Here’s where it gets a bit complicated: Despite the two different rule sets, both IMSA and the ACO want teams from the other series to play in their sandboxes, so there’s an equivalency process to match the performance of LMDh and LMH. (I’ve written more extensively about how that works in the past.)
In BMW’s case, it’s working with Dallara, which has seen a lot of success with Cadillac in DPi over the last few years. BMW hasn’t given details about the M Hybrid V8, other than saying that the BMW engine behind the cockpit is a V8 (but you probably worked that out from the name).
We can see how the OEM has used the styling freedom of LMDh to link the prototype with its road cars, specifically that big grille up front. The LMDh rule set demands a low, 4:1 ratio of downforce to drag, so there’s not really an aerodynamic penalty for using road car styling elements.
BMW’s M Hybrid V8 may be the first LMDh car to officially break cover, but it’s not the first to start testing.
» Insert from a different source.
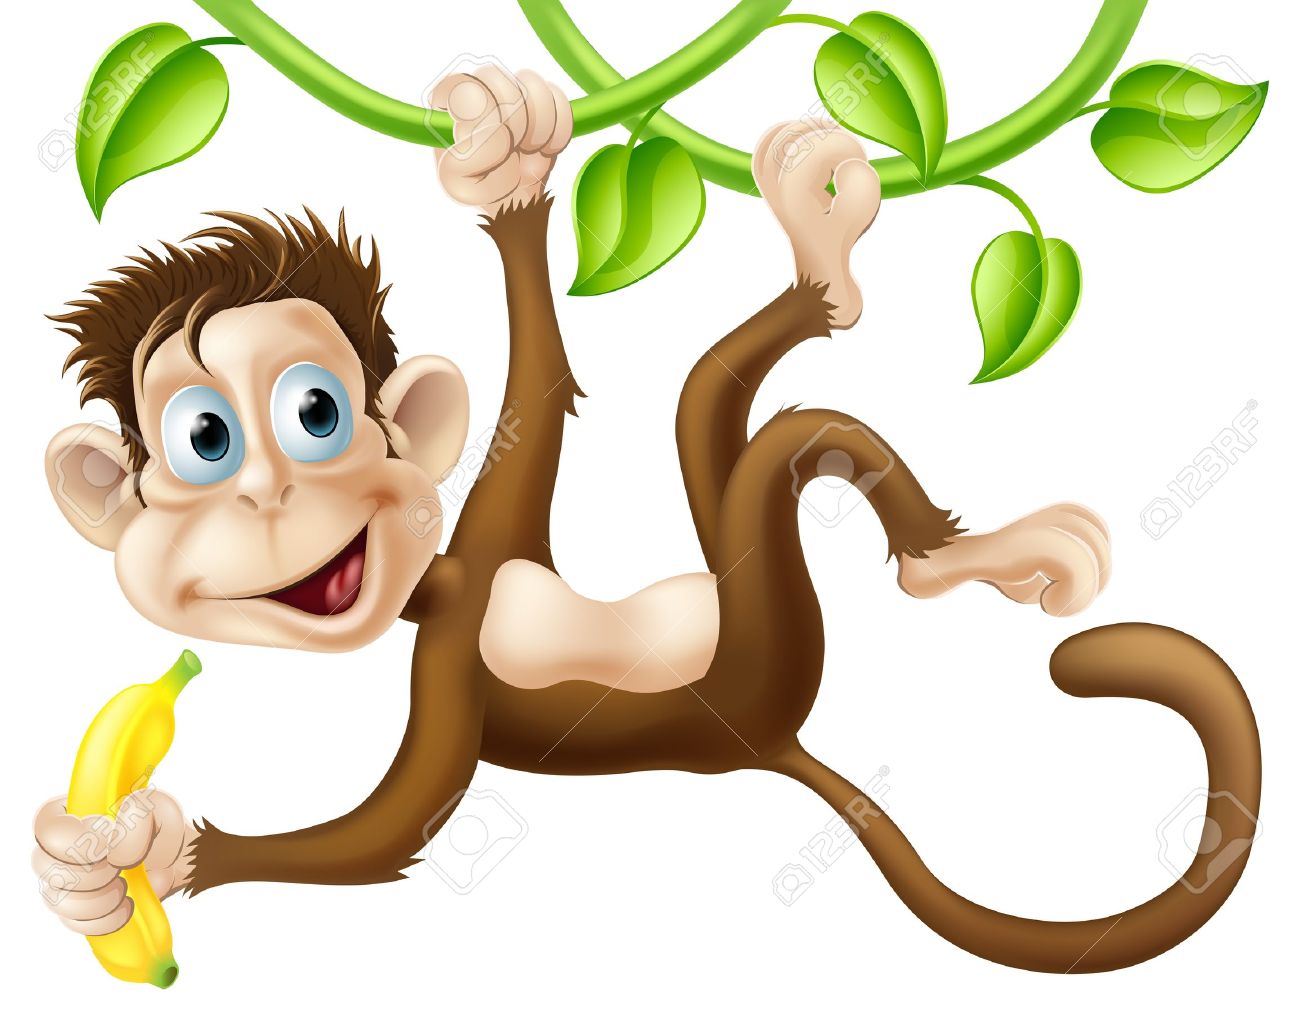 Monkey swinging on vine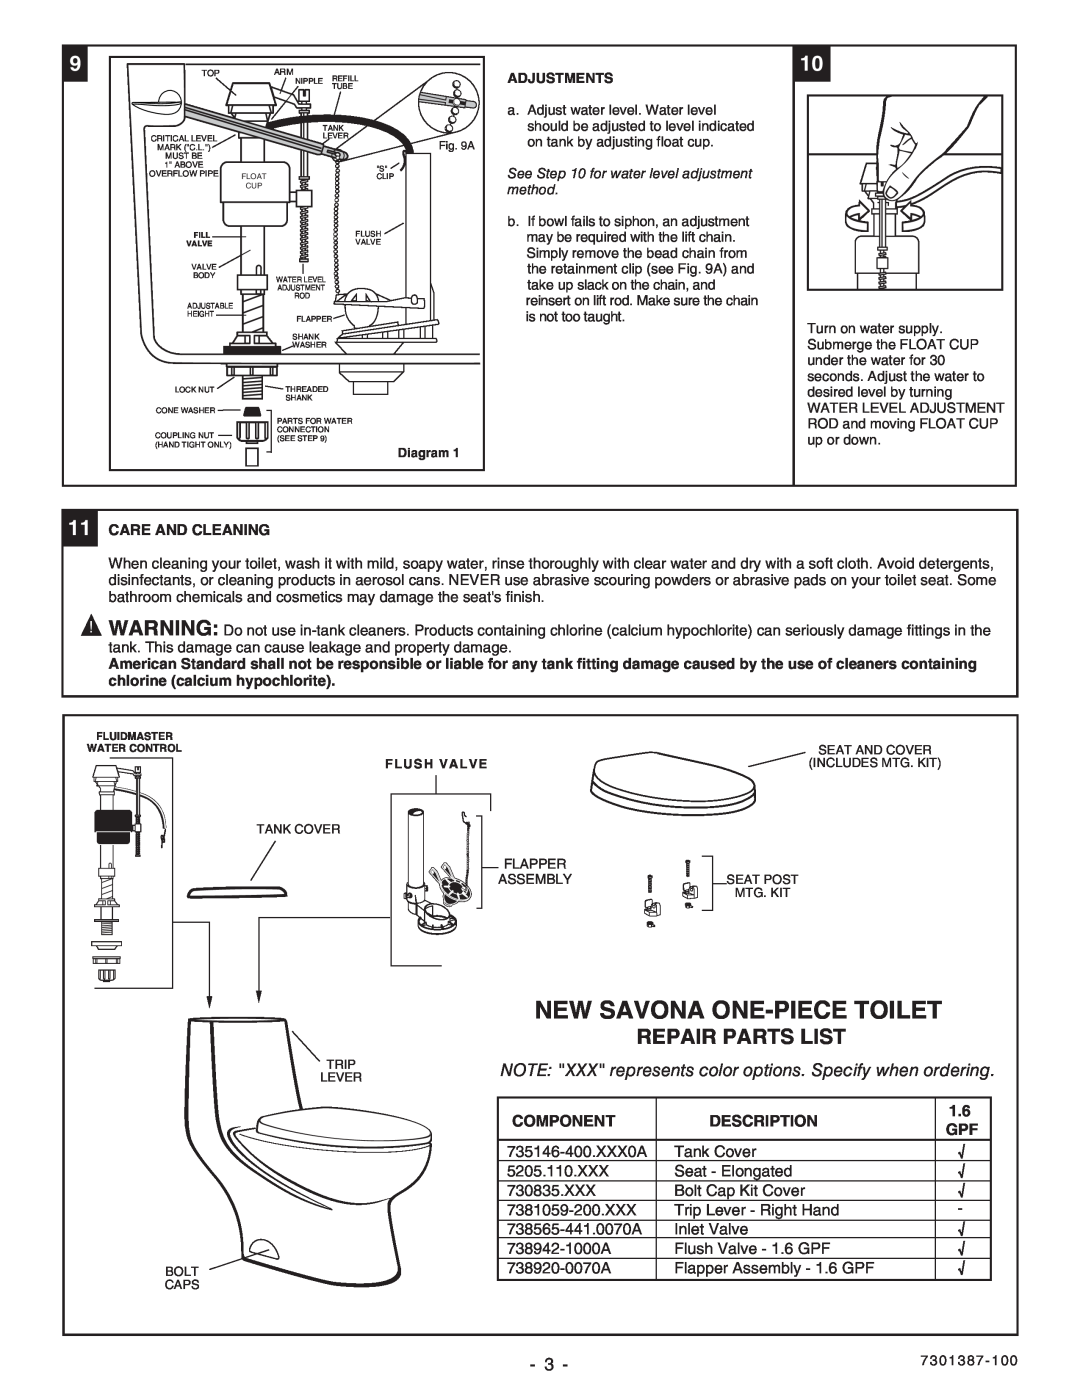 American Standard 2097.012 installation instructions New Savona One-Piece Toilet, Repair Parts List, Component, Description

Porsche, working with Multimatic, got a head start on all its LMDh rivals and began testing its unnamed race car in January. And over the past few days, both Acura and Cadillac have teased their own LMDh cars; they should take the grid at Daytona next January.
BMW initially planned to campaign the M Hybrid V8 in North America only, as it’s the brand’s biggest market. But now it’s now thought that a 2024 Le Mans entry could be a possibility.